Martin Schulz accusé de retarder l’enquête sur les Luxleaks

Jean-Claude Juncker et Martin Schulz [European Parliament]

Les Verts reprochent au président du Parlement européen de protéger les hommes politiques impliqués dans des scandales fiscaux, comme celui des Luxleaks, en affaiblissant le mandat de la commission spéciale Taxe.

Les eurodéputés des Verts ont accusé le président du Parlement, Martin Schulz, de bloquer le travail de la commission TAXE sur l’évasion fiscale afin de protéger certains hommes politiques qui font l’objet d’enquêtes, comme Jean-Claude Juncker, le président de la Commission européenne, ou Jeroen Dijsselbloem, ministre des Finances néerlandais et président de l’Eurogroupe.
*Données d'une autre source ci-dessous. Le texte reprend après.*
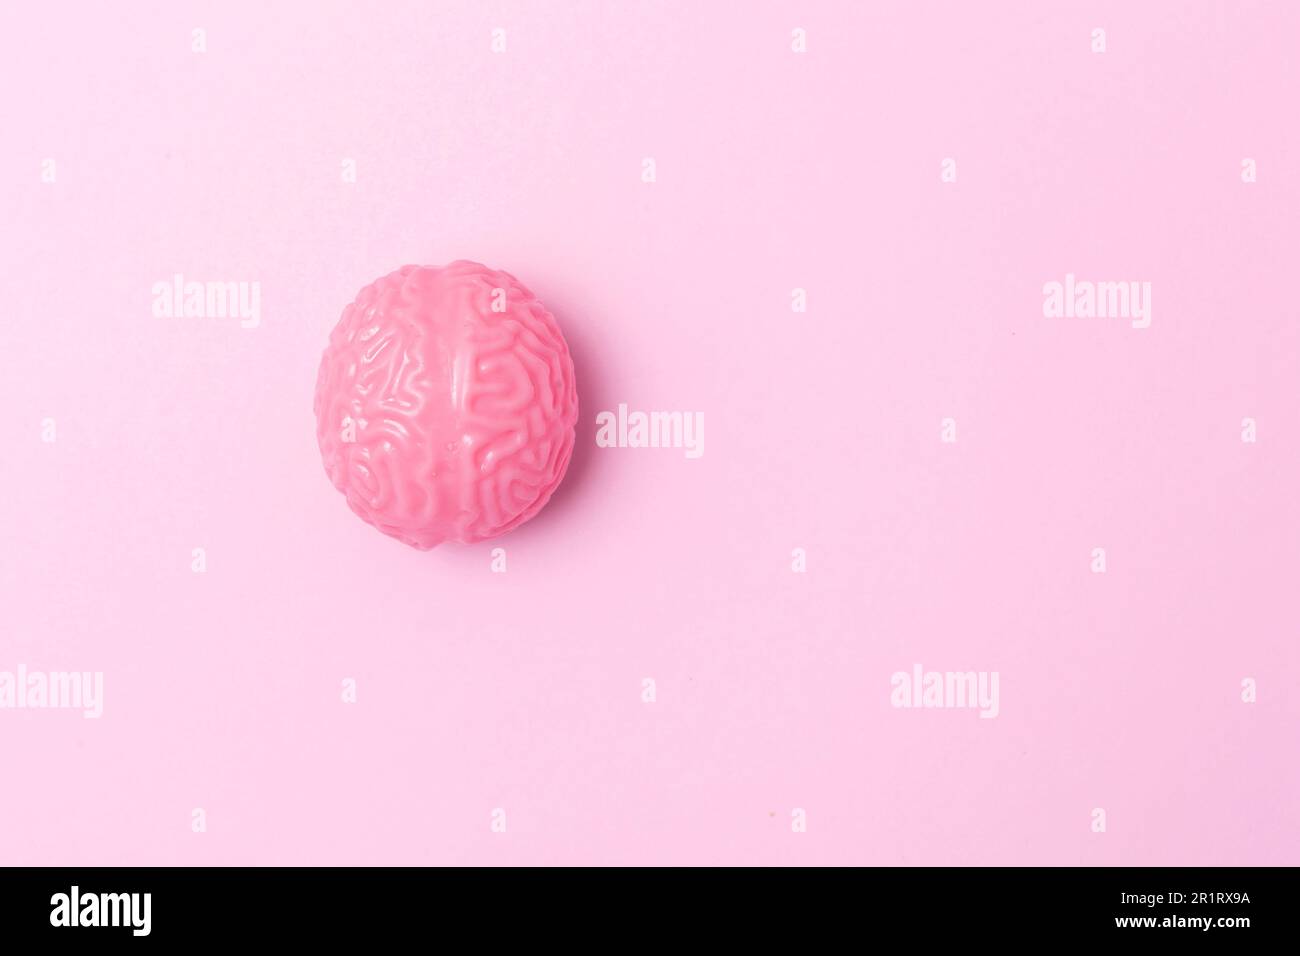 Gehirn auf pinkfarbenem Hintergrund Stockfoto

Le 26 novembre, la Conférence des présidents des différents groupes politiques du Parlement a décidé de ne pas étendre le mandat de la commission spéciale qui enquête sur les impôts. Les présidents ont en revanche décidé de créer une autre commission spéciale sur l’impôt, qui existera pendant six mois. Les différents groupent doivent donc établir le mandat de cette commission.

Commission spéciale

La création d’une commission spéciale sur les rescrits fiscaux (TAXE) dans les États membres a suivi le scandale politique des Luxleaks, qui a éclaté il y a un an, quand le Consortium international des journalistes d’investigation (ICIJ) a dévoilé des documents confidentiels qui prouvaient que plus de 300 entreprises, donc PepsiCo Inc, AIG Inc et Deutsche Bank AG, avaient conclus des accords très avantageux avec le Luxembourg afin de minimiser leurs impôts.

Le Parlement avait alors décidé de mettre en place une commission spéciale de six mois, afin d’enquêter sur les accords anticipés complexes conclus par certains États membres avec des grandes entreprises et de bloquer la diffusion de ces pratiques d’optimisation fiscale.
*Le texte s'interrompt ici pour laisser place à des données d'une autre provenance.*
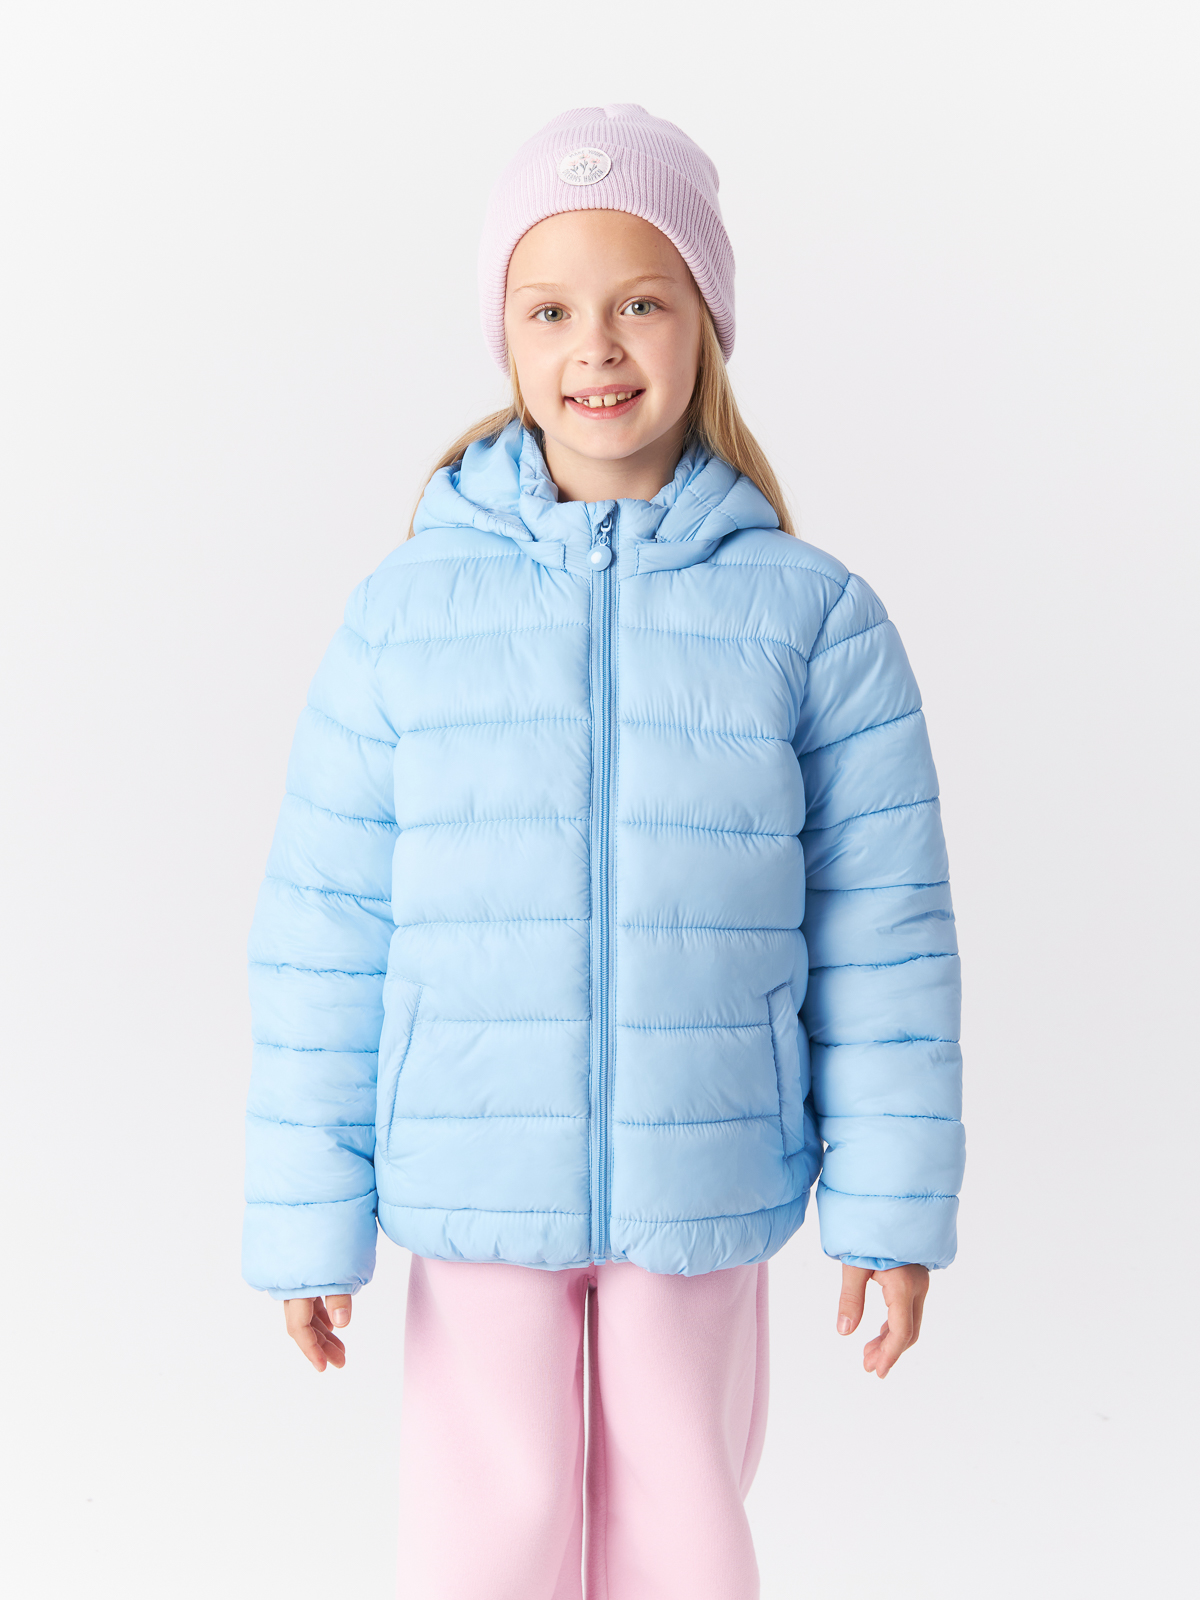 Куртка Mcstyles для девочки, размер 146, SMM14, голубая

Le 25 novembre, le Parlement a validé le rapport de la commission TAXE sur les pratiques fiscales des grandes entreprises en Europe.
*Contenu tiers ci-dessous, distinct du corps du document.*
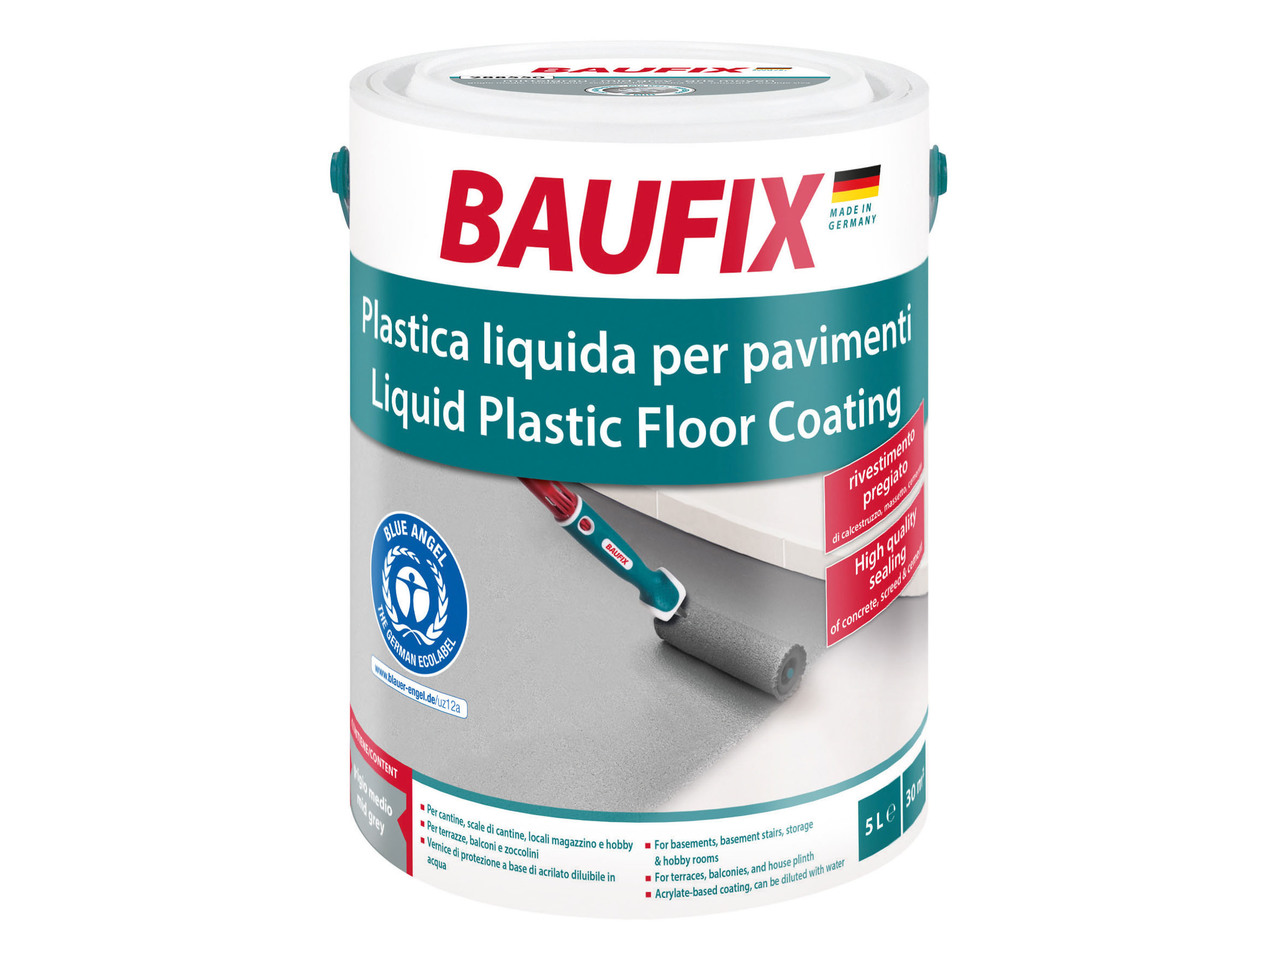 Plastica liquida per pavimenti - Lidl — Italia - Archivio offerte

>> Lire : La commission Taxe continue le combat sur l’optimisation fiscale

Philippe Lamberts, le président des verts, a estimé que Martin Schulz avait usé de « combines » procédurières pour empêcher la prolongation de la commission spéciale qui enquête sur les impôts.

« À l’évidence, sa priorité est plus de protéger les hommes politiques directement impliqués dans ce scandale, comme Jean-Claude Juncker et Jeroen Dijsselbloem, que d’assurer que le Parlement remplisse son rôle et enquête sur le plus grand scandale fiscal de l’histoire de l’UE. »

Sven Giegold, le porte-parole des Verts sur les questions de politique fiscale, a ajouté que toute restriction du mandat de la nouvelle commission, dont la création entrainait déjà un retard et des démarches administratives inutiles, serait inacceptable.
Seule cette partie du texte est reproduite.